Текущая страница: 5 (всего у книги 23 страниц)

Мара Демиа

В пограничном австрийском городке, в шесть часов вечера, в лучшей гостинице этого городка, в третьем этаже, на подоконнике выходящего во двор окна сидела маленькая женщина, вся в ленточках и оборочках, вся подкрашенная и раздушенная, и просто и прямо, как древний Израиль, говорила с Богом.

Правда, смешно?

Говорила не ритуальным молитвенным языком, а как человек человеку, в отчаянии беспредельном – спокойно и страшно.

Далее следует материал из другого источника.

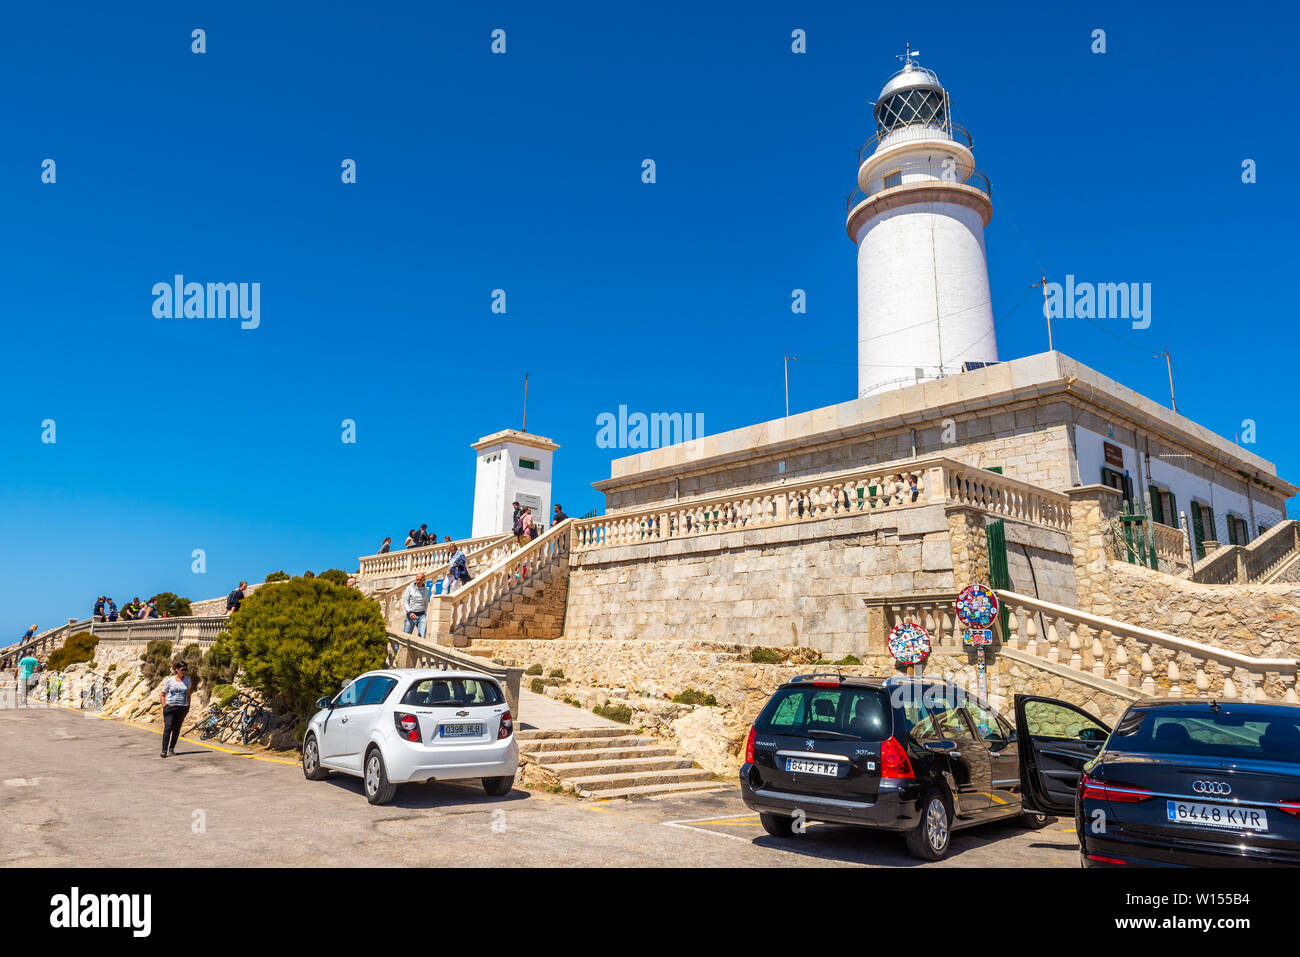 MALLORCA, SPAIN - May 6, 2019: Lighthouse at Cap de Formentor in the coast of north Mallorca, Balearic Islands, Spain Stock Photo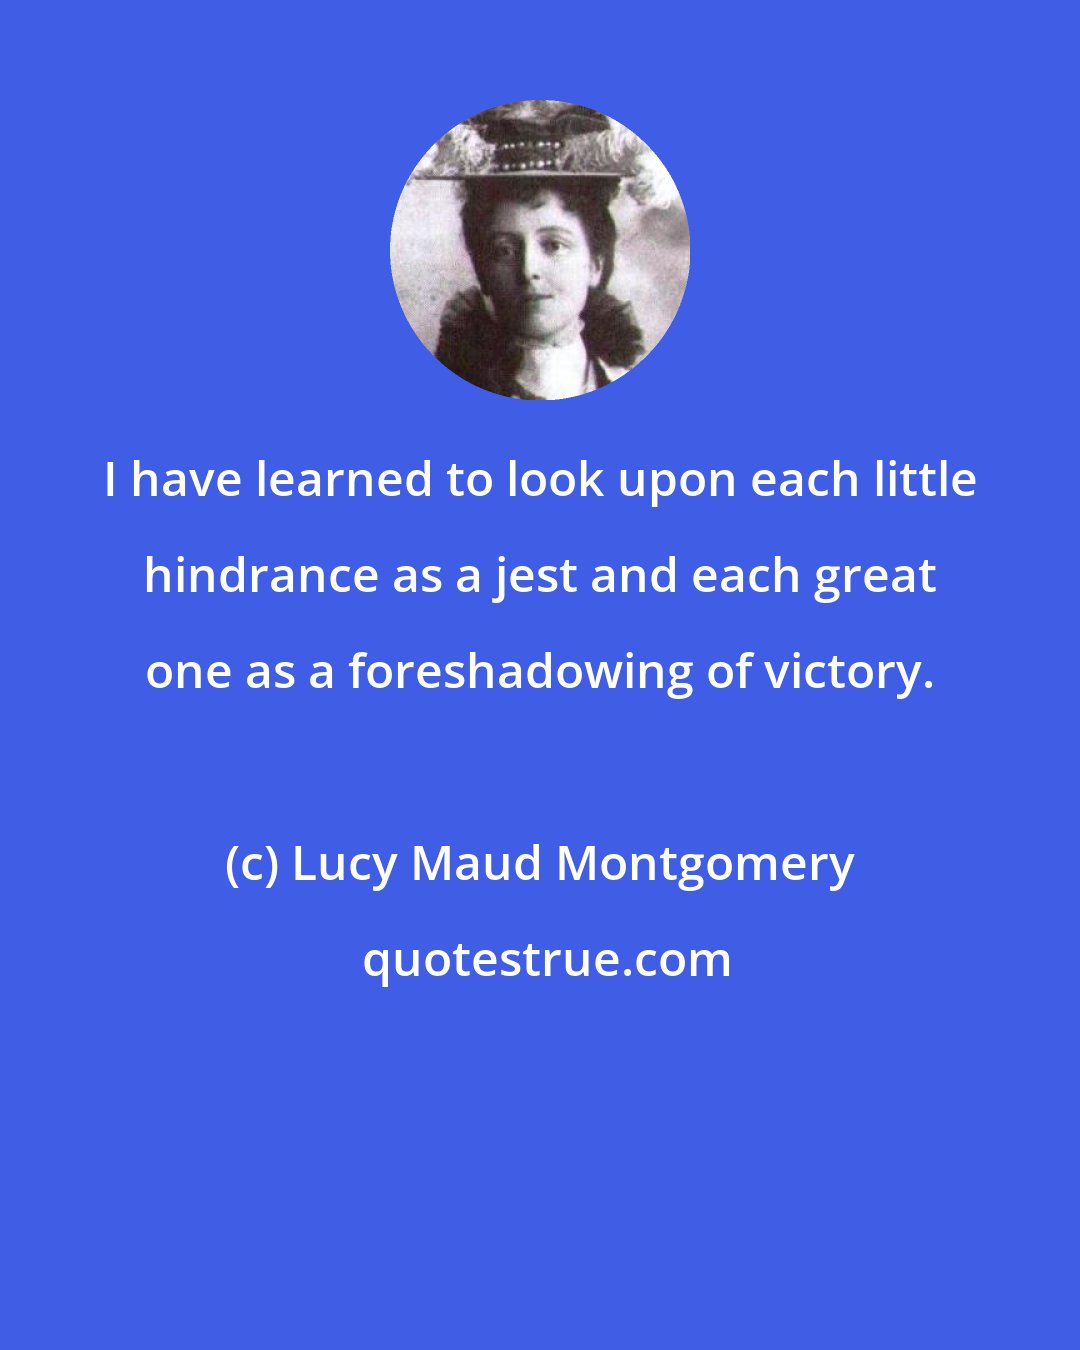 Lucy Maud Montgomery: I have learned to look upon each little hindrance as a jest and each great one as a foreshadowing of victory.

– Ты видишь сам, что я больше не могу. И ничего невозможного в моем желании не было, потому что ведь так на свете бывает. Ты знаешь Сам, что силы мои кончились, все притворство мое знаешь, всю страшную работу, и что я надорвалась и больше не подымусь. Презренная и пошлая моя жизнь, та, которую Ты мне дал, и то, от чего гибну суетно и пусто. Что же делать? Одни тонут в великом море, другие в луже. Одни умирают от удара меча, другие от укола грязной булавки. Но смерть одна. Не дай же мне умереть! Дай мне мое идиотское счастье. Я потом как-нибудь искуплю, если уж все так коммерчески надо ставить… Кощунство? Нет… нет. Нас ведь никто не слышит. Это не кощунство. Это горе.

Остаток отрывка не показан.